The artist Friedensreich Hundertwasser said the best time to capture nature's true colours was in dull weather because sun makes things look washed out. It's true.
First of all, wrap up: you want to enjoy this and you won't if you're miserable. Polyprops are light, comfortable and often all you need under the second-hand padded ski suit you can pick up for less than $20 at a charity shop.
I love mine. It's hardwearing, washable and doesn't ride up to expose the midriff. A woollen jersey on top gives extra insulation, holds the heat well and repels drizzle long enough for you to clear up when it starts drizzling.
Footwear should be reasonably waterproof, a good, big enough fit to include your chilli socks and have a decent tread to cope with muddy slopes and mossy paths. Rubber ankle boots are good.
We lose about 30 per cent of body heat through our head so forget style and plonk on a hat - the Peruvian-style ones with the fancy knitting, earflaps and ties are ideal, as are beanies.
Soil temperatures are falling too so glove up. If you think you can't garden in gloves try latex examination gloves - cheap as chips from the chemist or bargain store. If brain surgeons can work in them you can too and you're spared chillblains, cuts, scratches, sap stains and filthy nails.
You now look like a multi-coloured yeti but you're happy, healthy and out there armed with fork, spade, trowel, secateurs, wonderweeder, iPod and thermal cuppa.
For the warm-up dig over any ground that's going to be empty for a while - a new bed or the vege garden, feed it with compost or a general fertiliser and broadcast sow it with mustard or blue lupin seed which you'll later dig in as a green mulch. In the meantime it will look fresh and hopeful.
One bed at a time, remove dead leaves and stems from plants and corners where they've mounded up. This eliminates pest havens and breeding spots for mildew and diseases hunkering down for winter.
IF YOU'RE a sprayer, give fruit and other deciduous trees a coat of winter oil, which helps control things like scale. Roses are almost done flowering but a last spray will clean up lingering blackspot and rust. Leave old flowers to fade and set hips because any trimming now will encourage new shoots too soon.
Something like a brazier or chiminea adds a cosy glow to the autumn garden and you can burn a lot of well-dried plant material. But get a permit first or you may have a surprise visit from the fire brigade and a fine to pay. Ensure neighbours' windows are shut and the washing is in.

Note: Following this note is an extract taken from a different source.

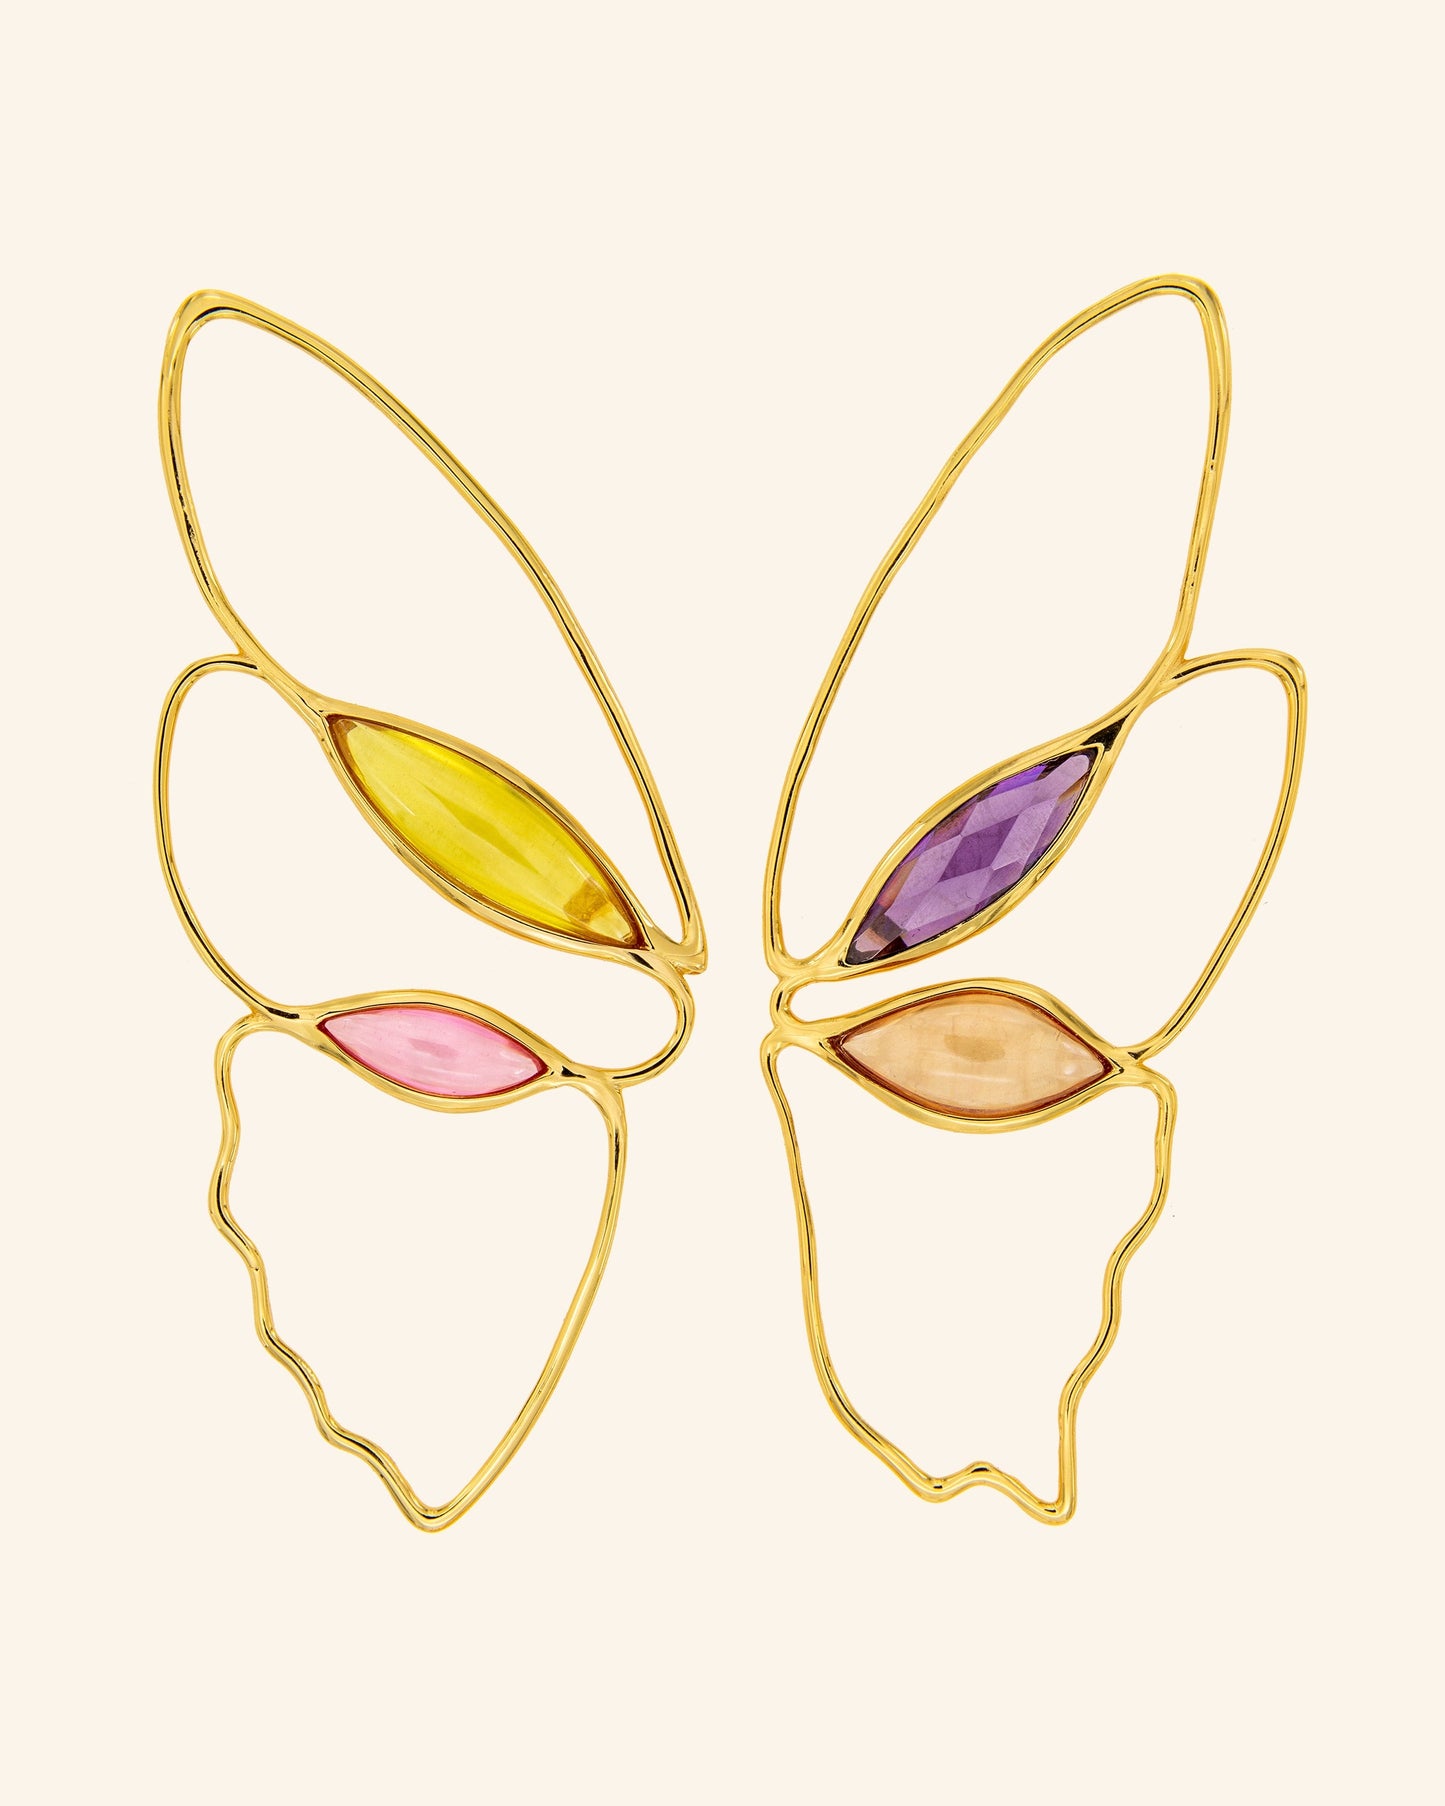 Butterfly effect earrings right side

Compost leaves separately because they take ages to rot but make great mulch and destroy pest weeds, diseased clippings, and old tomato vines.
With the dead stuff gone, the paths swept and the beds tucked under a snuggly cover of mulch it's time for the pretty stuff.
Spot colour plants have the hard work done - all you have to do is dig and plant. Choose plants with flowers just opening and dead-head any as they fade. They should last for weeks in the garden or outdoor containers and are better value than cut flowers.
Prepare space and shop for spring- flowering shrubs. Camellias are already in garden centres and showing colour. Sasanqua varieties bloom first and abundantly and get less camellia flower blight than later bloomers.
They also make lovely hedges and prostrate forms like C sasanqua "Classique" do well in baskets and containers.
Small rhododendrons are also lovely in pots as are evergreen azaleas - the kind often sold as house plants. A Kirin is an older type with a cute semi-double small flower in pink, salmon or white.
For scent the traditional and unbeatable are Daphne odora - look for high-health forms in pink or white; boronia, best in brown or lemon; translucent-flowered wintersweet (Chimonanthus praecox), one of the greats; Viburnum burwoodii; and Rhododendron fragrantissima.
Ericas, though not heavily scented, give brilliant colour right when winter is at its most serious.
You can start the pink blossom season right now with Prunus subhirtella Autumnalis' an ornamental cherry that seems to flower whenever it feels like it. The variety Southern Gem is new, has smaller flowers but lots more of them.
Brand new on the magnolia front is a fabulous new red from Jury's in Waitara. M Burgundy Star -- it's a brighter red than others and has longer petals, like a large M stellata. Growth is tall and slender and it's said to be well-packed with flowers.
For planting:
All spring bulbs must be in the ground this month - some are through already.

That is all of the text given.